# How do you multiply  (-1+2i)(3-i)  in trigonometric form?

Apr 13, 2016

$\left(- 1 + 2 i\right) \cdot \left(3 - i\right) = \sqrt{50} \left[\cos \arctan \left(- 7\right) + i \sin \arctan \left(- 7\right)\right]$

#### Explanation:

We first covert them into trigonometric form.
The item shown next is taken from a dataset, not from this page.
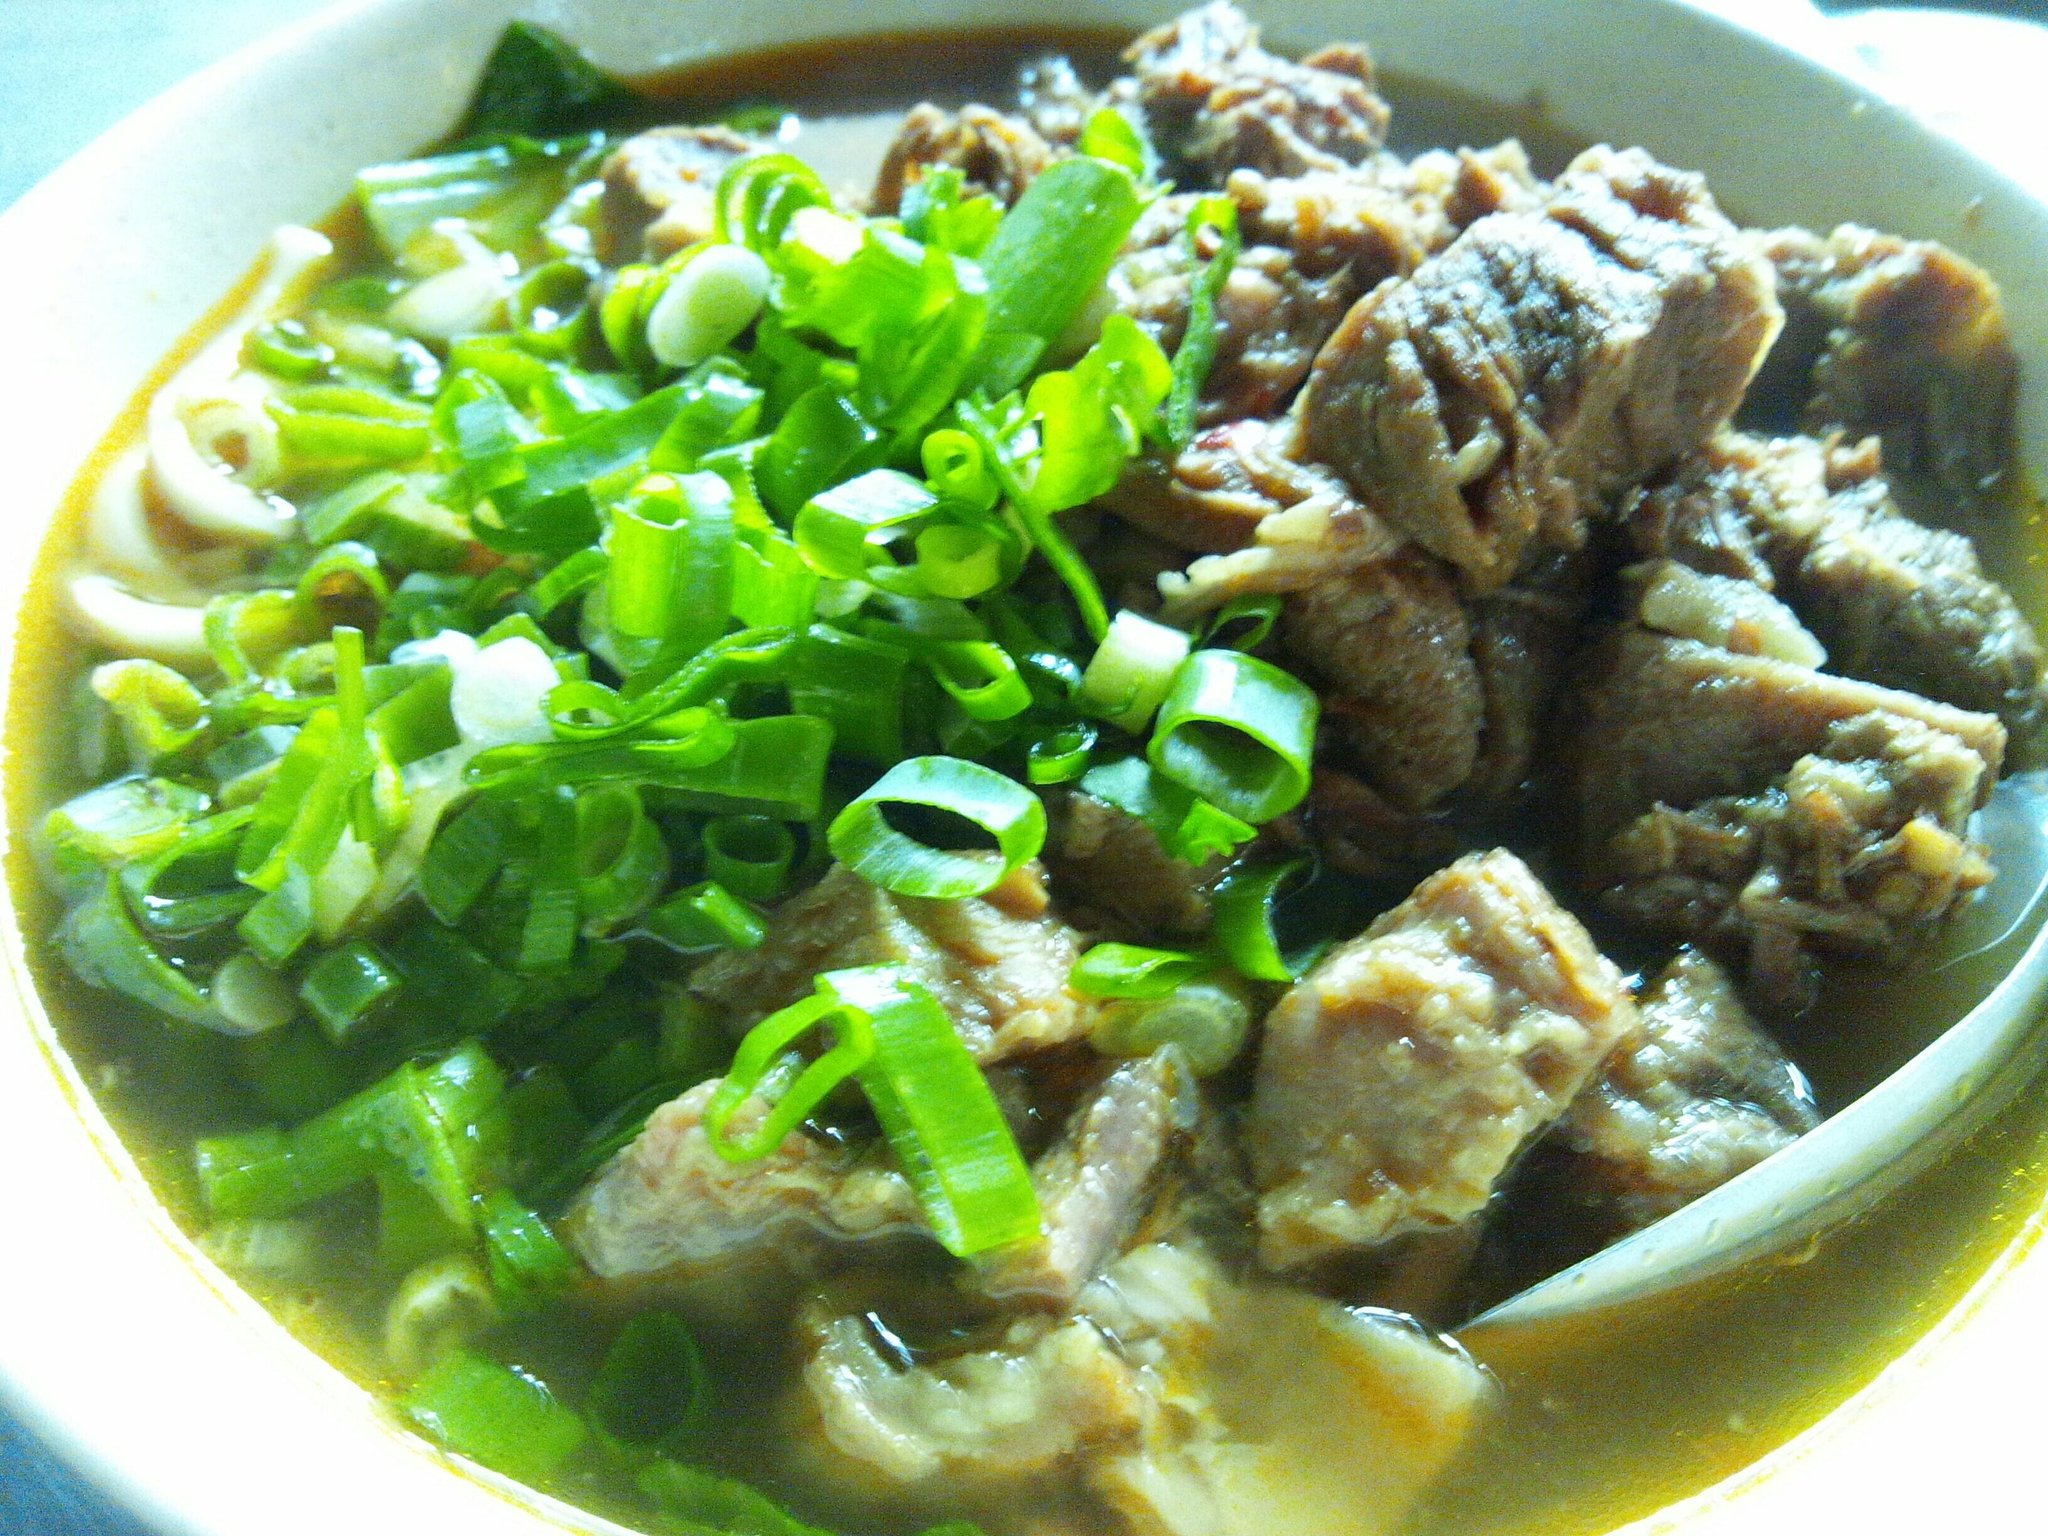 RT @taiwan_lover: 阿娥水餃攤(台北市南京東路二段21巷口路セブンイレブン脇)は水餃子が一番人気だが、二番目が原汁牛肉麺NT$90で凄い人だかり@@。少しだけ辛いが美味しい♪ #台湾旅行 http://t.co/X4j1dX1l7p

In this form $a + b i = r \left(\cos \theta + i \sin \theta\right)$ or $a + b i = r \cdot {e}^{i \theta}$, where $r = \sqrt{{a}^{2} + {b}^{2}}$ and $\theta = \arctan \left(\frac{b}{a}\right)$

Hence, $- 1 + 2 i = \sqrt{5} {e}^{i \alpha}$, where $\alpha = \arctan \left(- 2\right)$

and $3 - i = \sqrt{10} {e}^{i \beta}$, where $\beta = \arctan \left(- \frac{1}{3}\right)$

Hence $\left(- 1 + 2 i\right) \cdot \left(3 - i\right) = \sqrt{50} {e}^{i \left(\alpha + \beta\right)}$

As $\tan \left(\alpha + \beta\right) = \frac{\tan \alpha + \tan \beta}{1 - \tan \alpha \cdot \tan \beta}$ or

$\tan \left(\alpha + \beta\right) = \frac{\left(- 2\right) - \frac{1}{3}}{1 - \left(- 2\right) \cdot \left(- \frac{1}{3}\right)} = \frac{- \frac{7}{3}}{1 - \frac{2}{3}} = \frac{- \frac{7}{3}}{\frac{1}{3}} = - 7$

Hence $\left(- 1 + 2 i\right) \cdot \left(3 - i\right) = \sqrt{50} {e}^{i \left(\arctan \left(- 7\right)\right)}$

or $\left(- 1 + 2 i\right) \cdot \left(3 - i\right) = \sqrt{50} \left[\cos \arctan \left(- 7\right) + i \sin \arctan \left(- 7\right)\right]$